%%

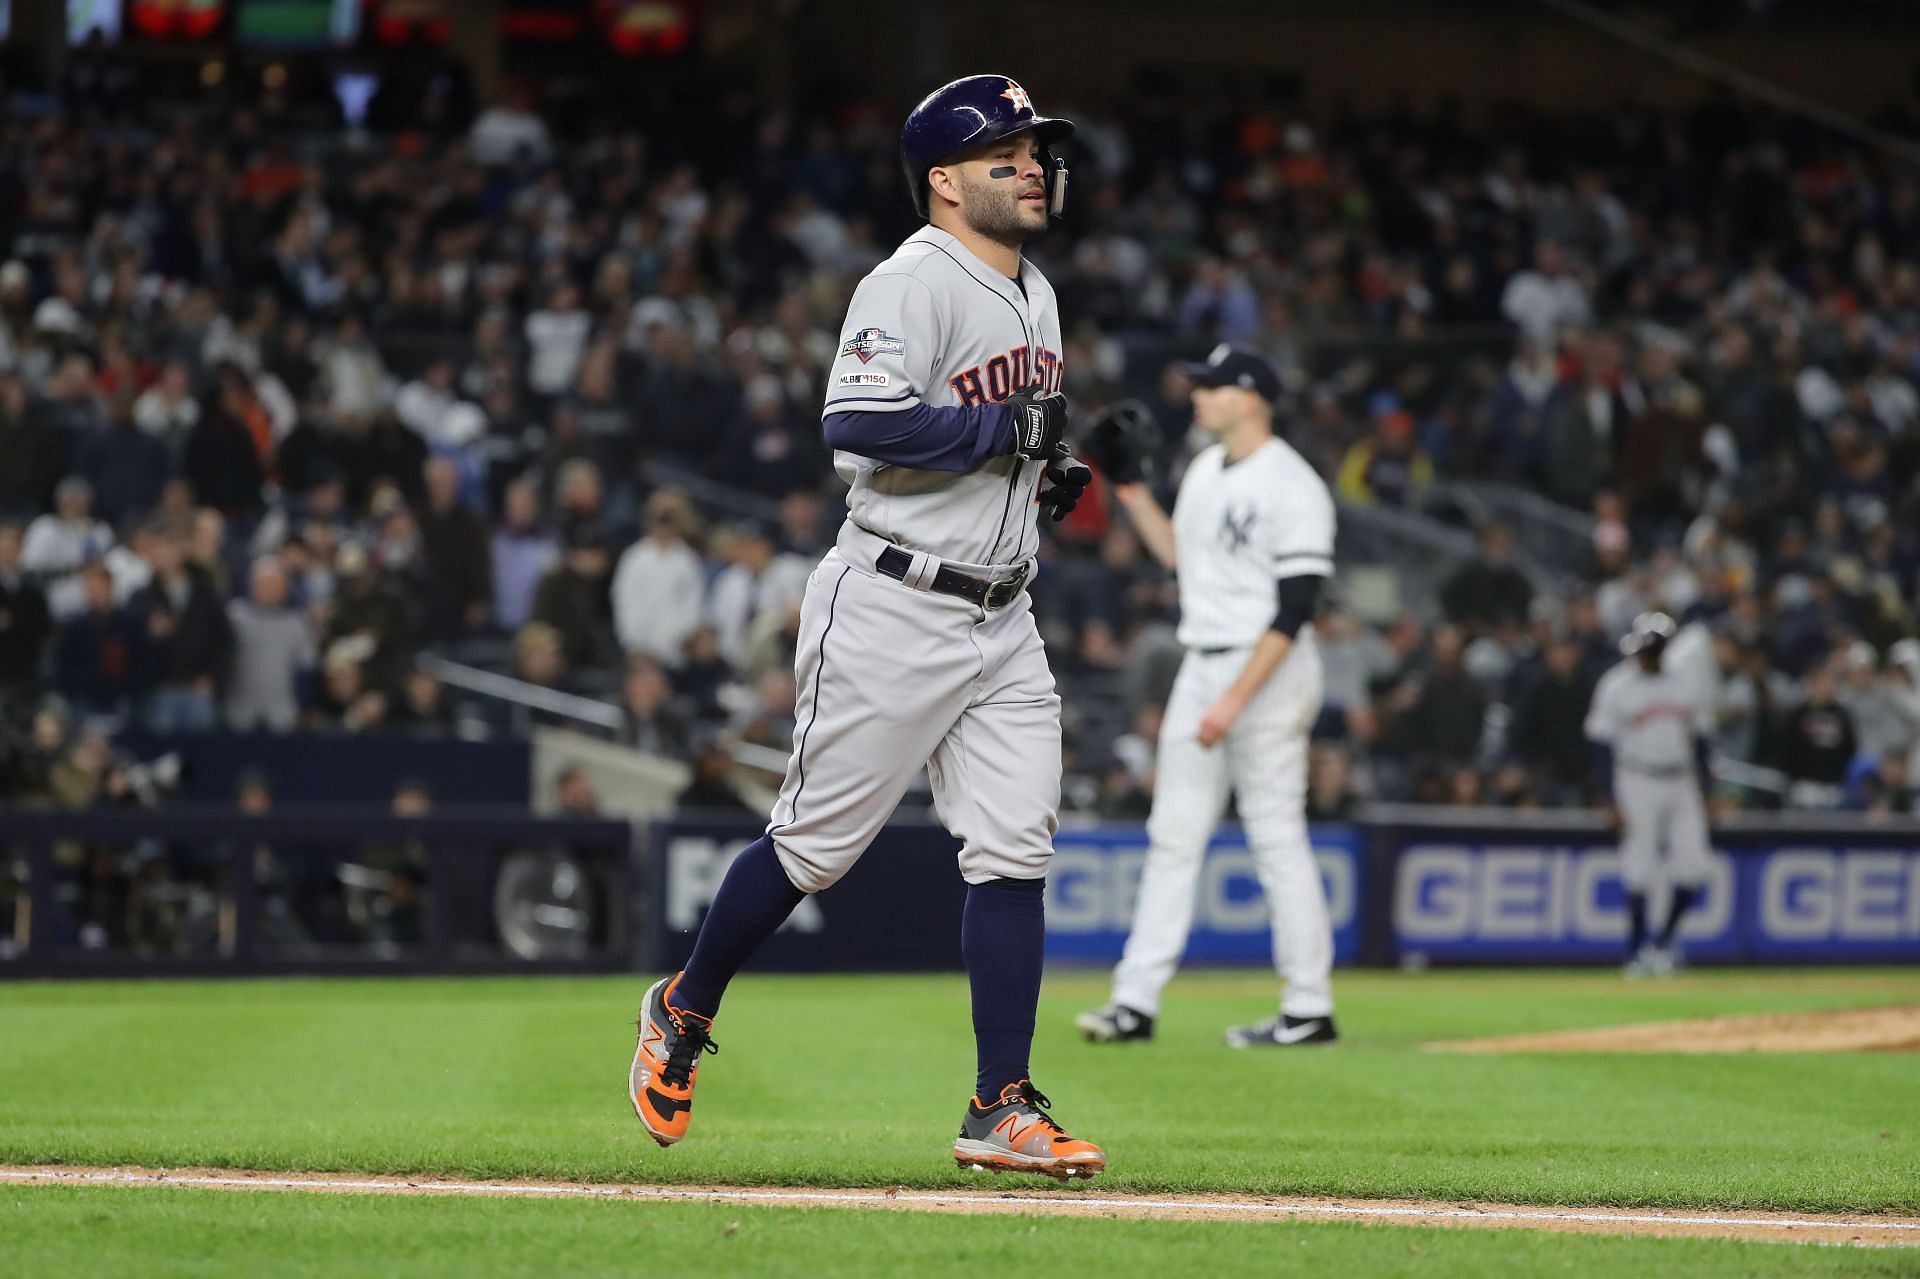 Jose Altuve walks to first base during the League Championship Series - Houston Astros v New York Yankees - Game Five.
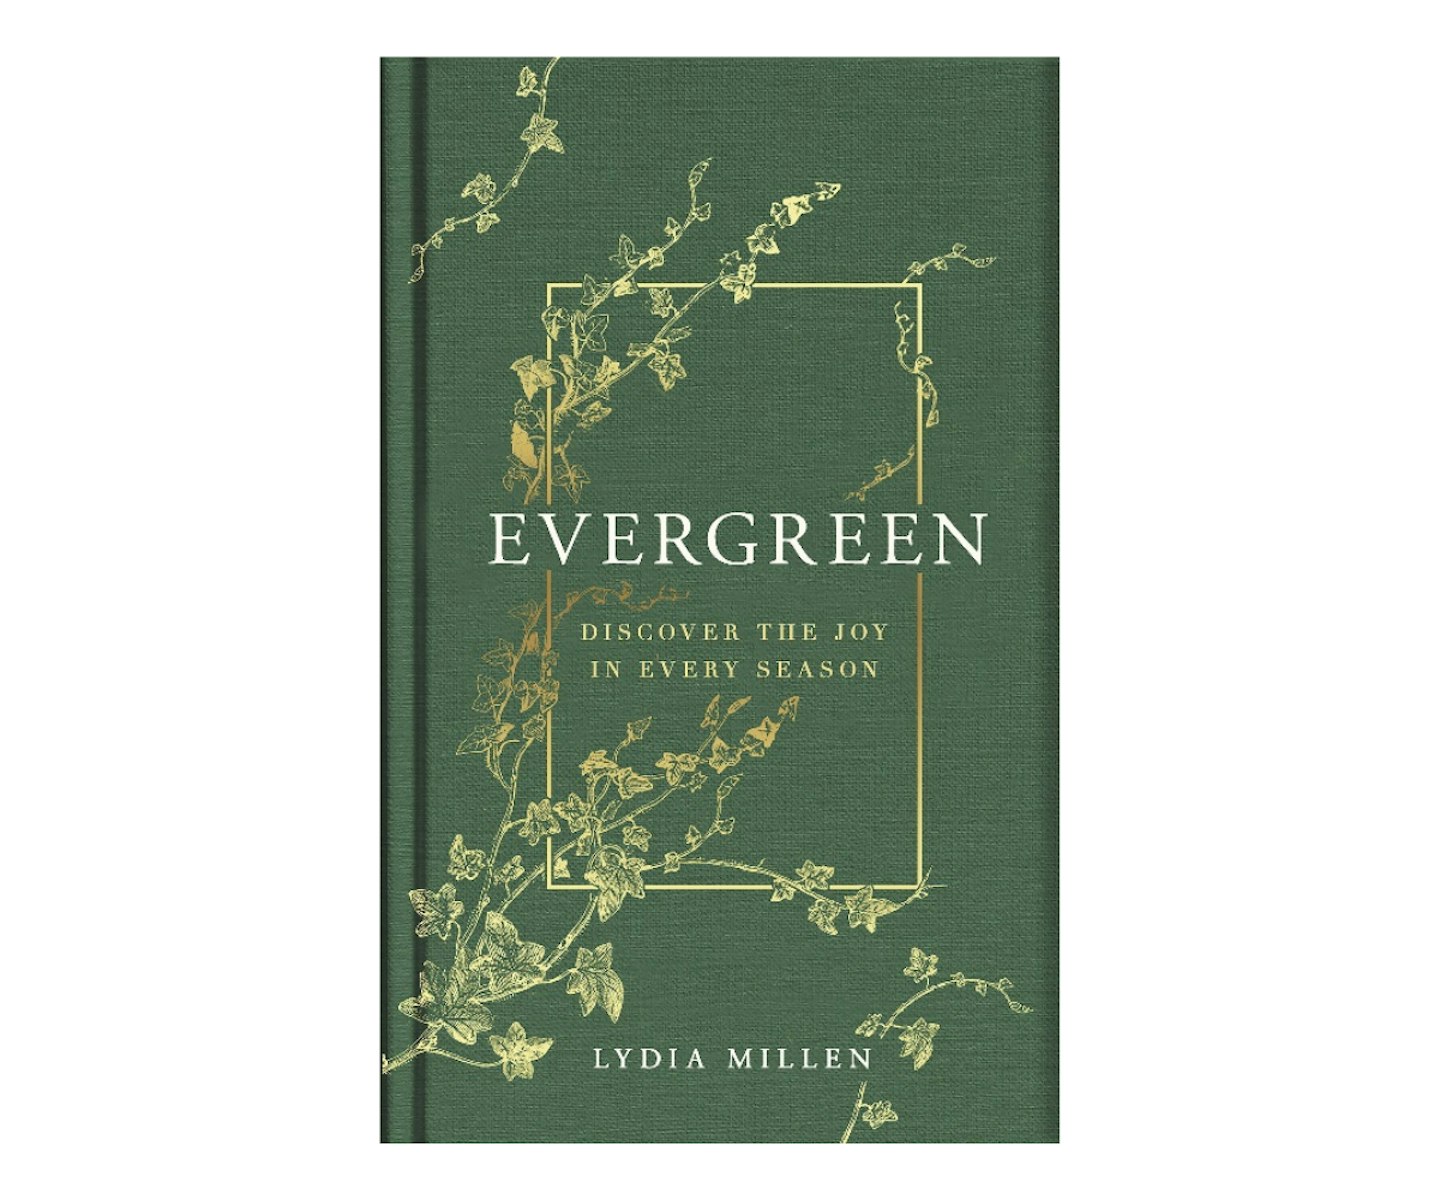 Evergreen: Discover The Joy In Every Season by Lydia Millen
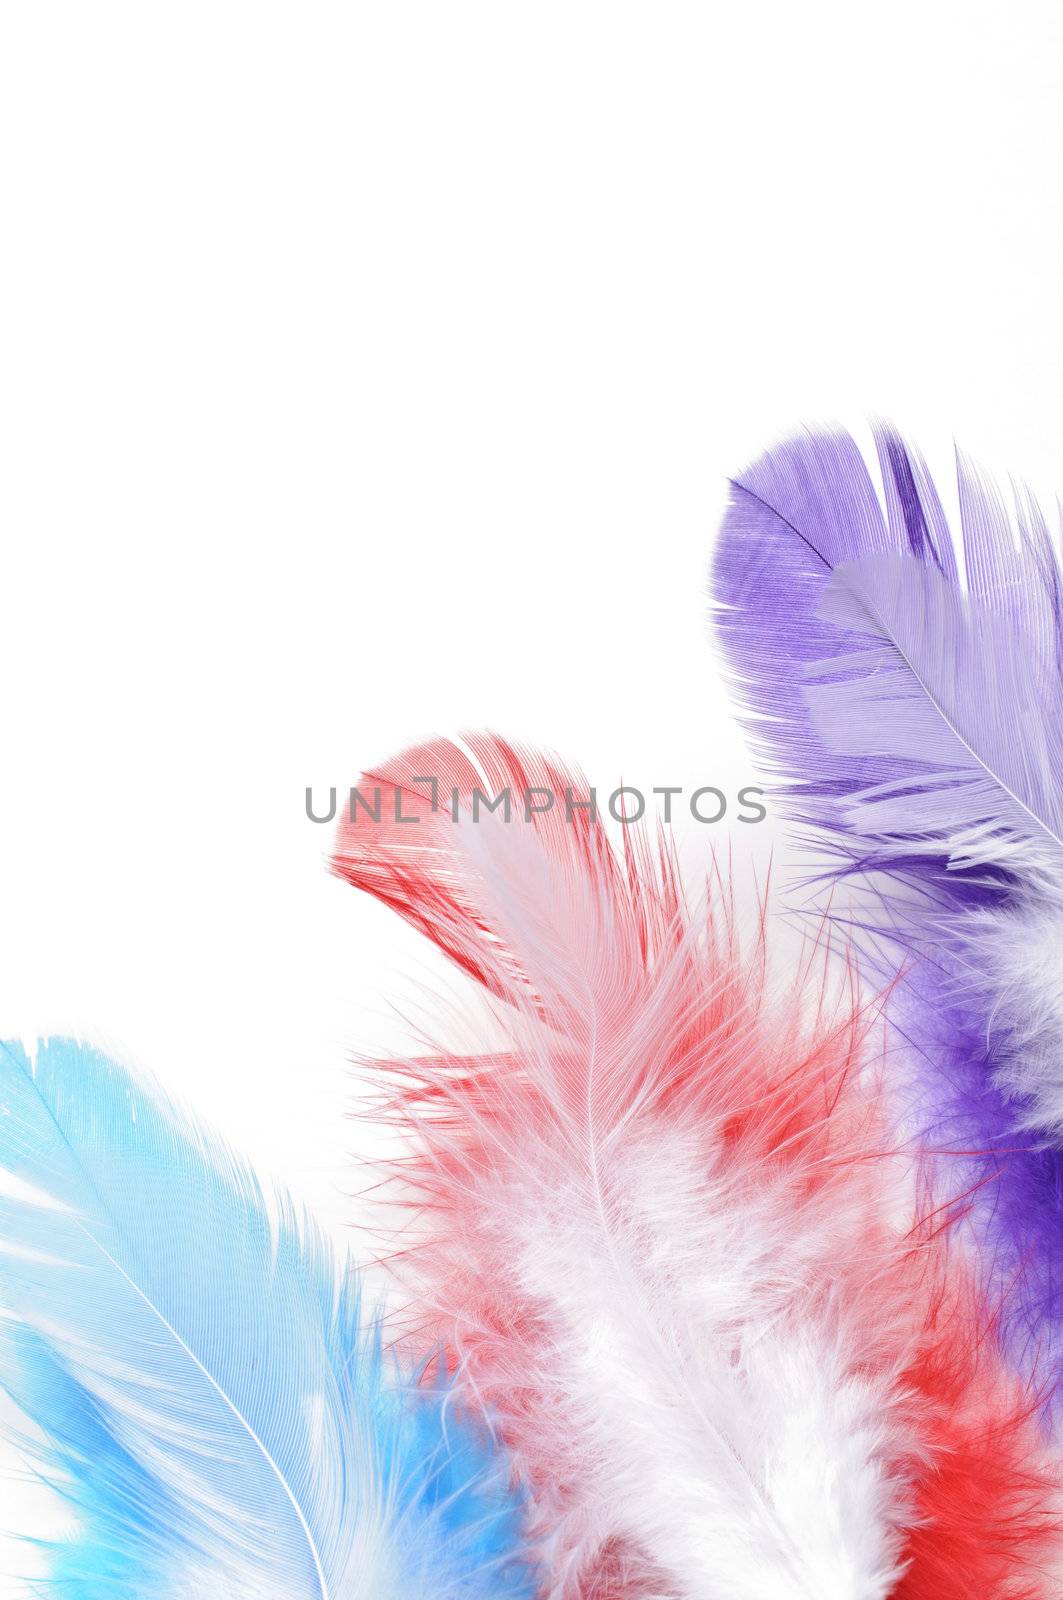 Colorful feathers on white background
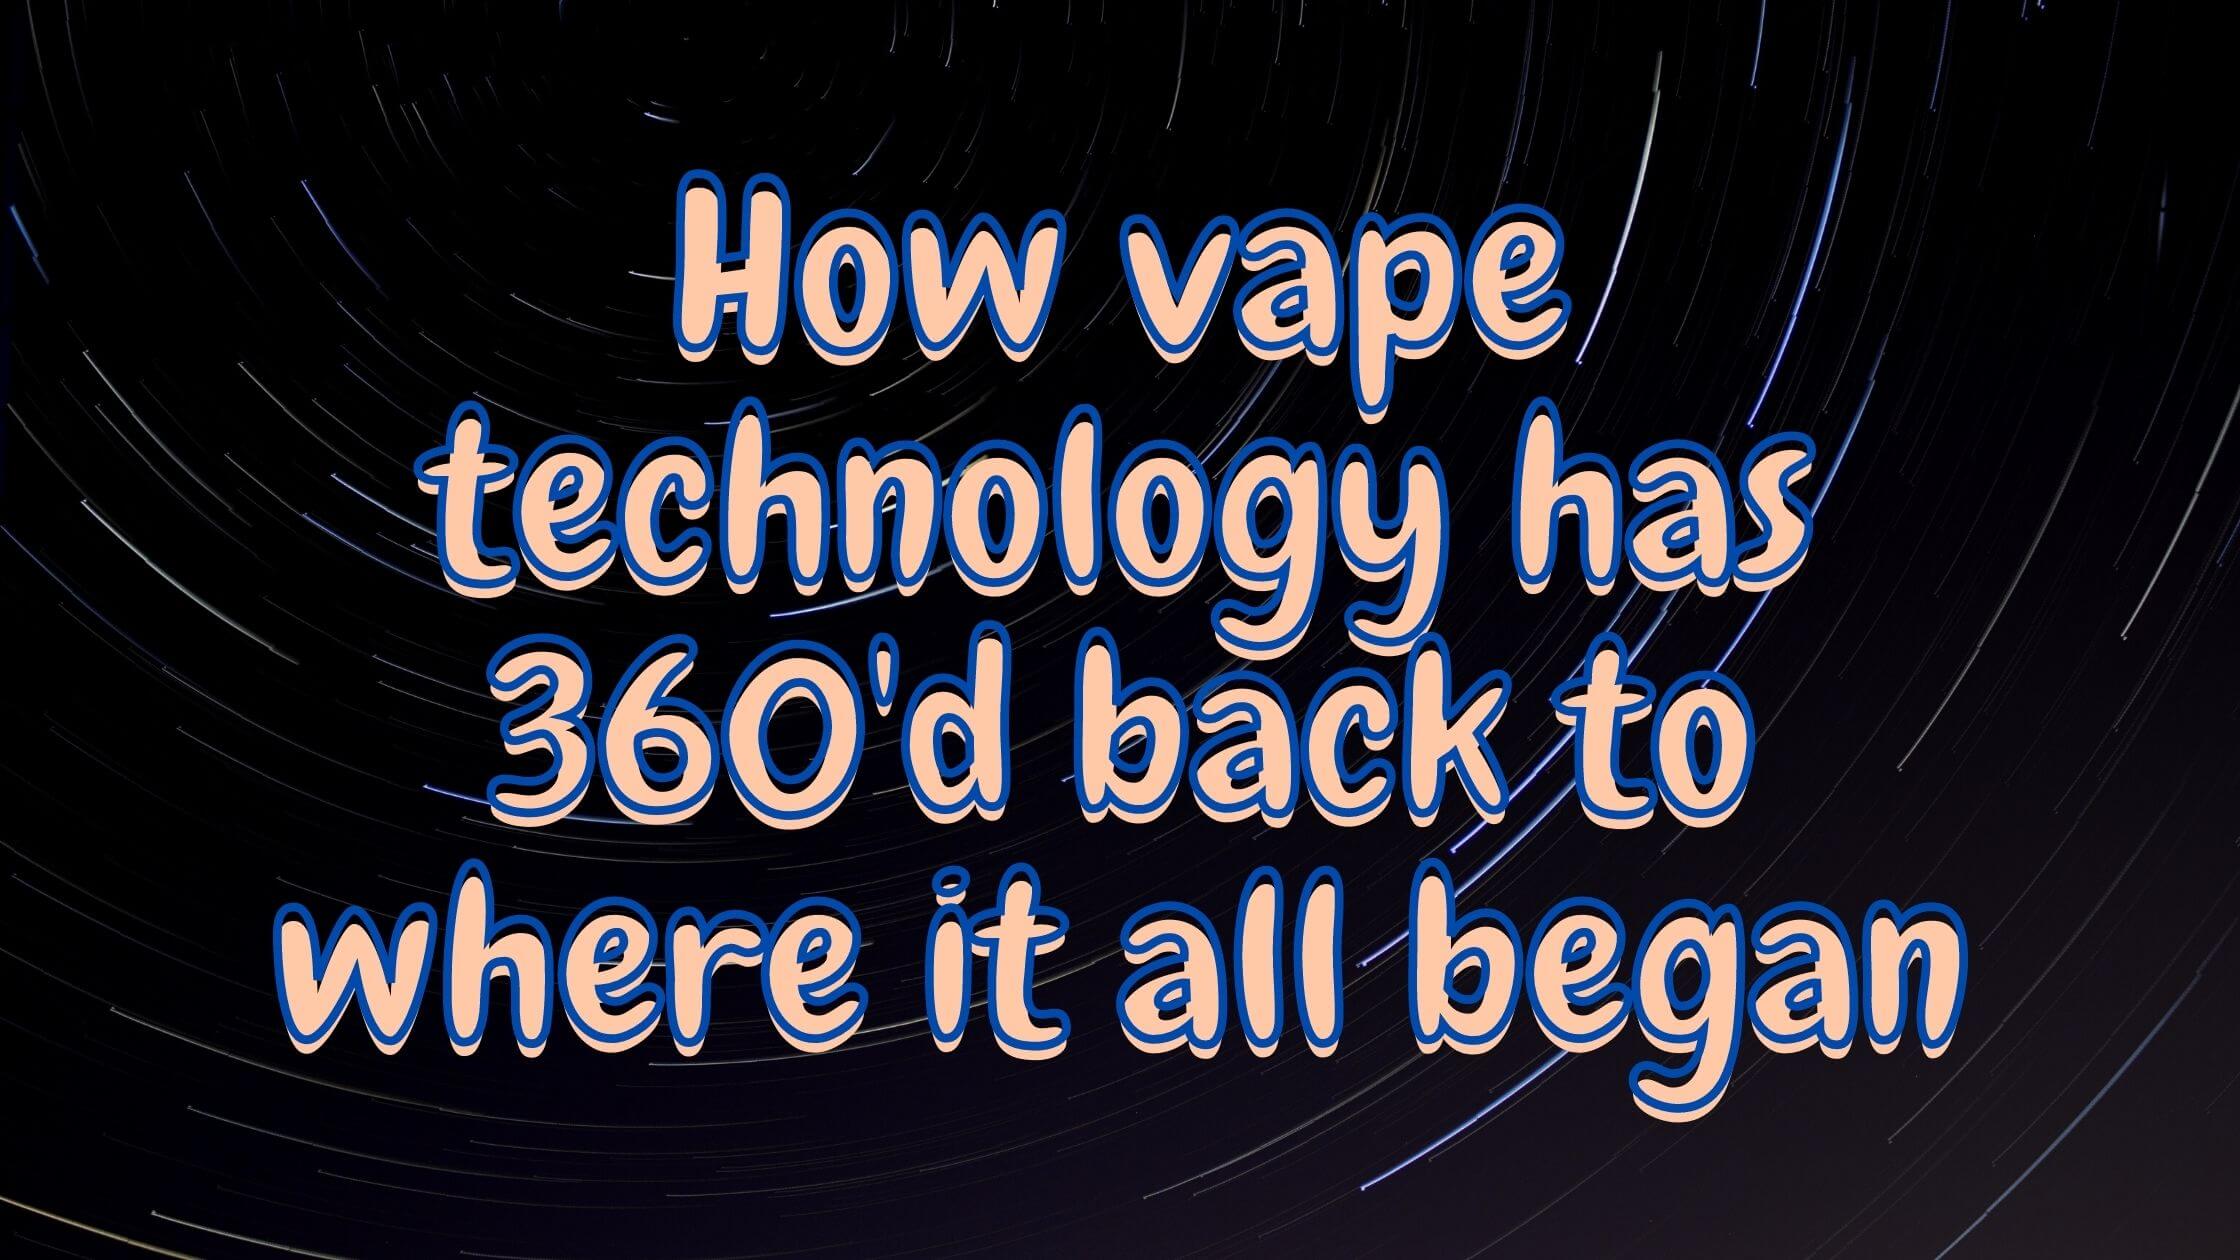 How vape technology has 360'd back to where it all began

%%

Retype the whole listing exactly and leave the pictures out.

 Jose Altuve walks to first base during the League Championship Series - Houston Astros v New York Yankees - Game Five.
 Evergreen: Discover The Joy In Every Season by Lydia Millen
 Colorful feathers on white background
 How vape technology has 360'd back to where it all began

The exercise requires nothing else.